I am trying to find a robust way to classify and distinguish polyominoes. I would like to write a simple algorithm that could identify similar free polyominoes (under translation, rotation, reflection or glide reflection), given a set. Since I am new to this topic, I am getting a bit lost in the literature and I don't really know where to look.

I was thinking that something based on counting the length of the sides could work. For example, the following polyomino:

enter image description here

has one 5-length side, two 2-length sides and five 1-length sides. So we could describe it with the following notation: $\{(5,1),(2,2),(1,5)\}\,$, where the first number in parenthesis stands for the length of the side and the second one for the number of sides of that length. Then, all translations, rotations, reflections or glide reflections of this shape would result in the same description. Which is good.

However, this doesn't work in general. For example, the following two different polyominoes:

enter image description here

would result in the same description $\{(5,1), (3,1), (2,2), (1,6) \}$.

Probably, someone has already figured out a better way to do this, but, as I said, I am getting lost in the literature of the topic. Can anybody point me to the right direction?

Update:

Thanks for the useful suggestions in the comments. After some more research I found an interesting method, explained in the book "Linknot: Knot Theory by Computer - S. Jablan, R. Sazdanovic", which works like this:

Let's imagine the path of a ray of light (bold line in figure) in a polyomino with the borders consisting of mirrors, where in every border cell we place two-sided mirrors (bolder lines) perpendicular to the internal edges in their midpoints . After a series of reflections, the ray of light will describe a shape called self-avoiding curve. If we denote a reflection in a border mirror by 0, and a reflection in an internal mirror by 1, we have 0-1 words for polyominoes, where these words are cyclically equivalent (this means, could be red starting from any sign 0 or 1 and ending in it). For n = 1 we will have only one polyomino 0000, for n = 2 the polyomino 00010001, for n = 3 two polyominoes: 000101000101 and 000100100011, for n = 4 five of them: 0001010100010101, 0001010001100011, 001001001001, 0001001100010011, and 0001001010001011, etc.

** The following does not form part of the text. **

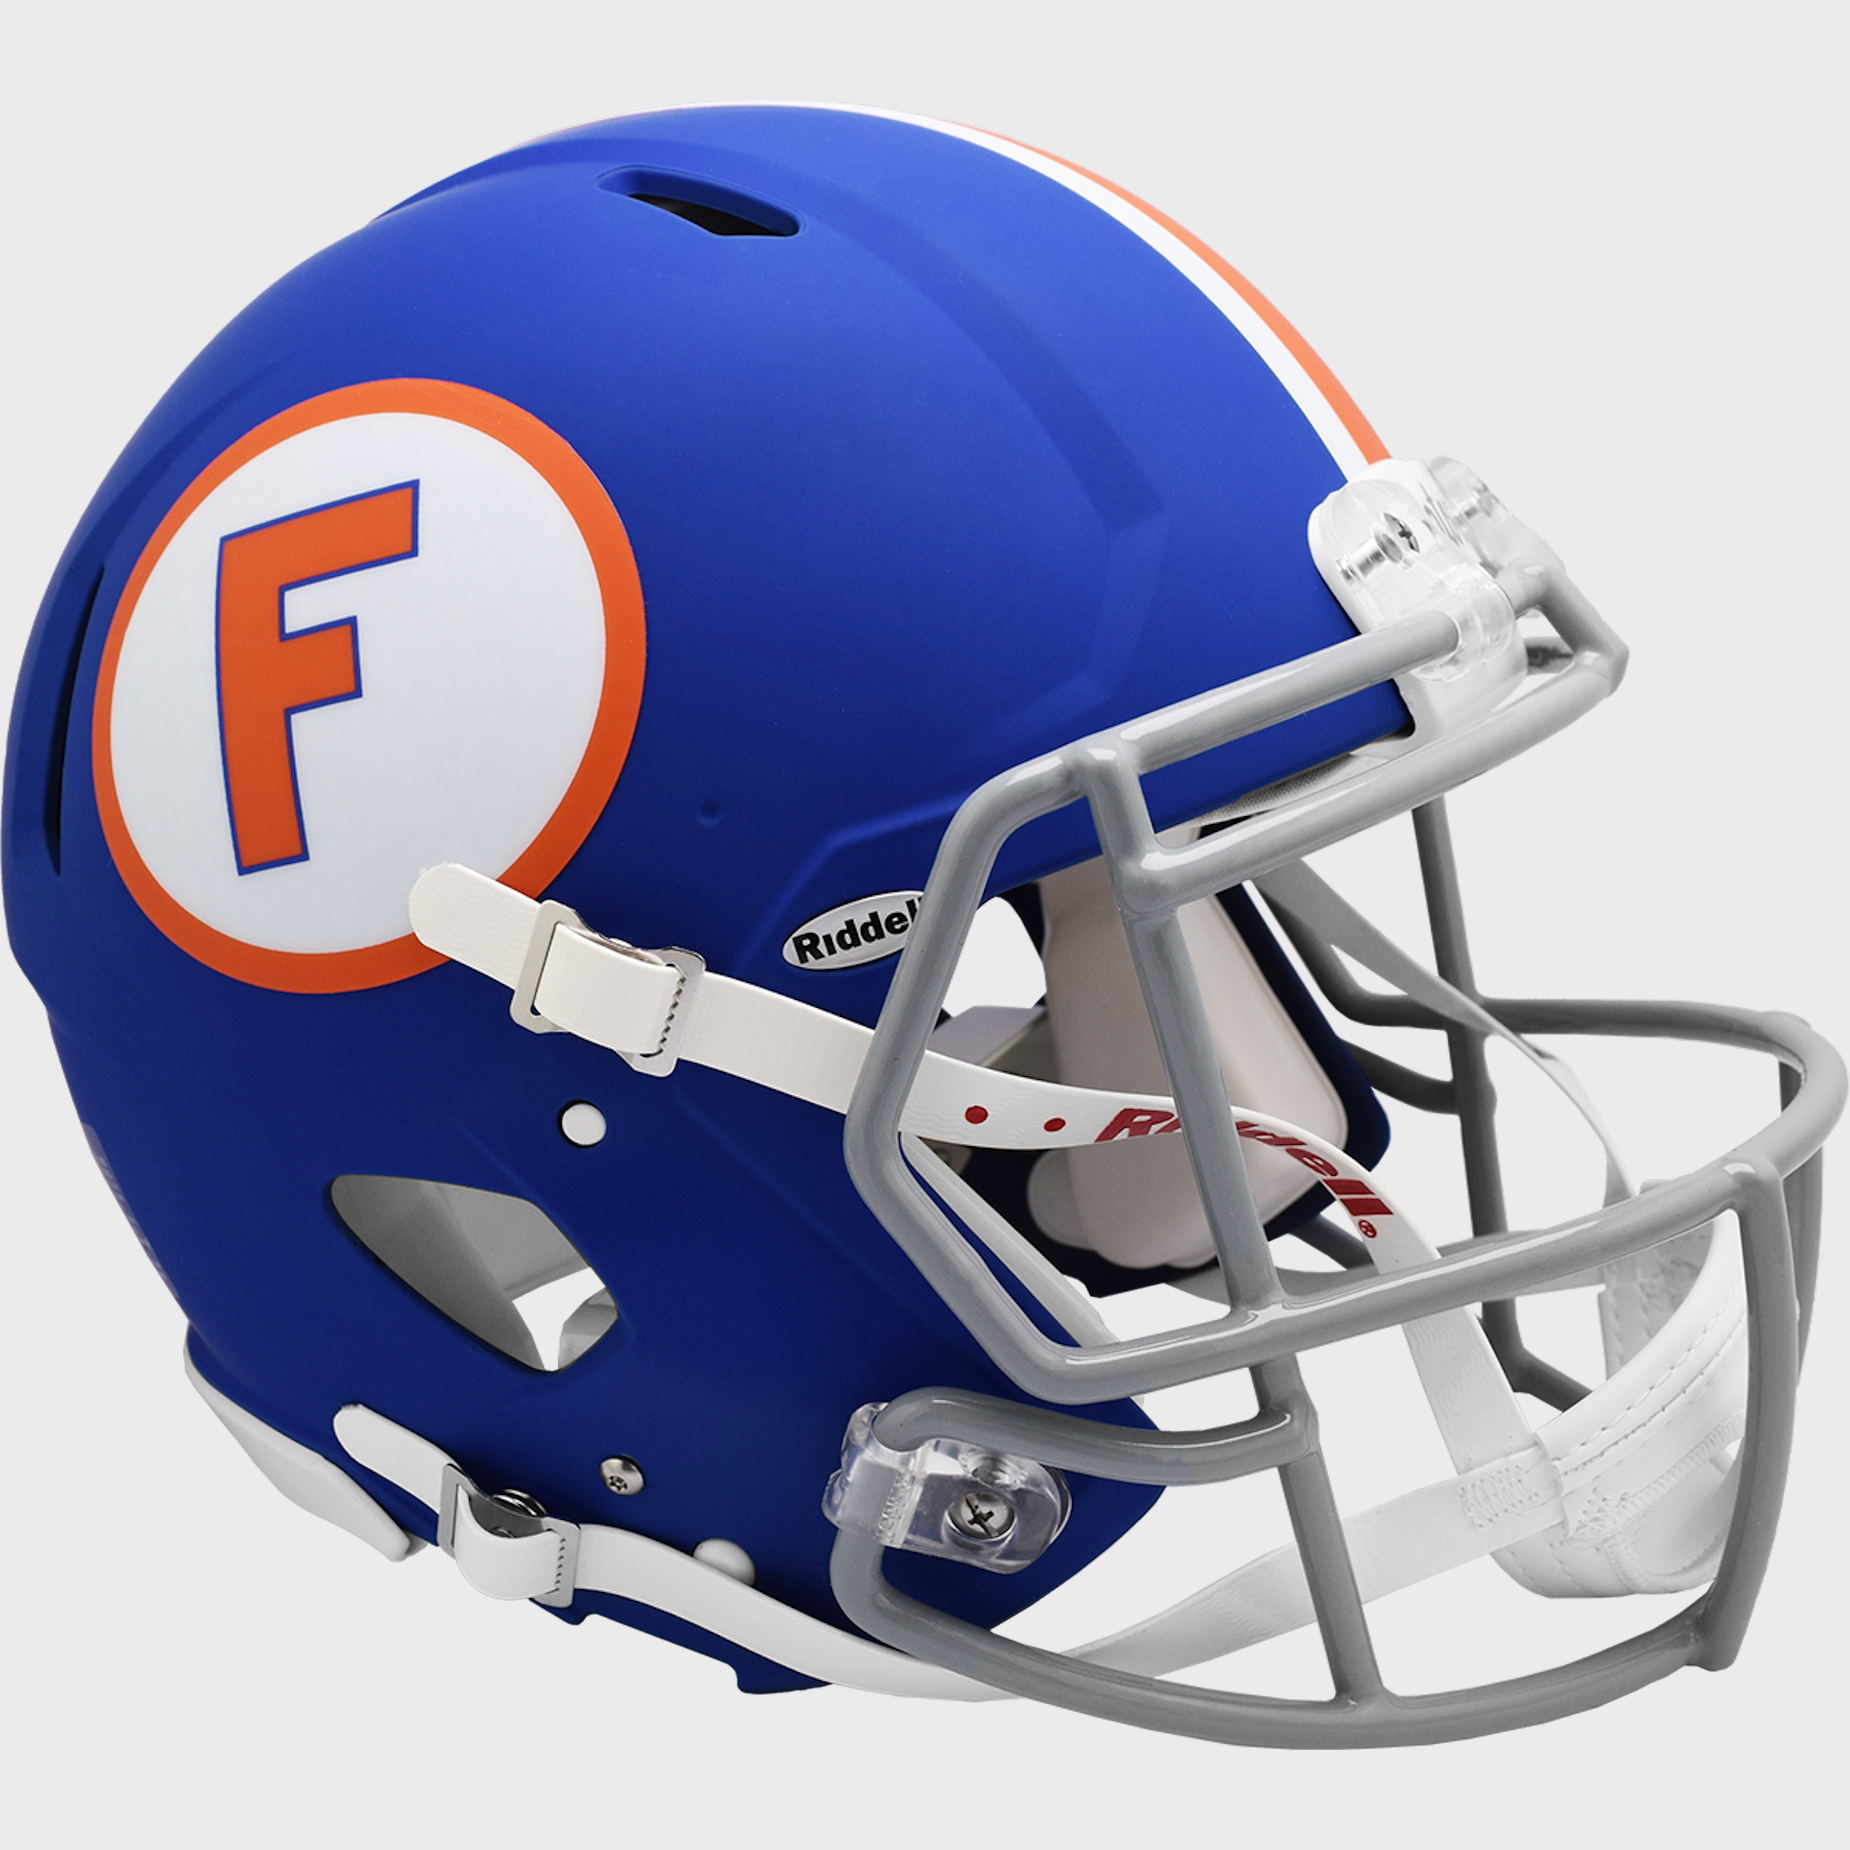 Florida Gators Speed Football Helmet <B>Blue</B>

enter image description here

We can translate these symbols (or binary numbers) into hexadecimal numbers and assign one number to each polyomino, in order to establish one-to-one correspondence between the numbers and polyominoes. For example, this number can be the minimum of all cyclic-equivalent symbols (e.g. to the polyomino 00010001 correspond cyclically equivalent symbols 00100010, 01000100, 10001000 and the minimum of them is 00010001 = 11 in the hexadecimal system). Hence, we have a notation for polyominoes where exactly one number corresponds to every polyomino, and vice versa.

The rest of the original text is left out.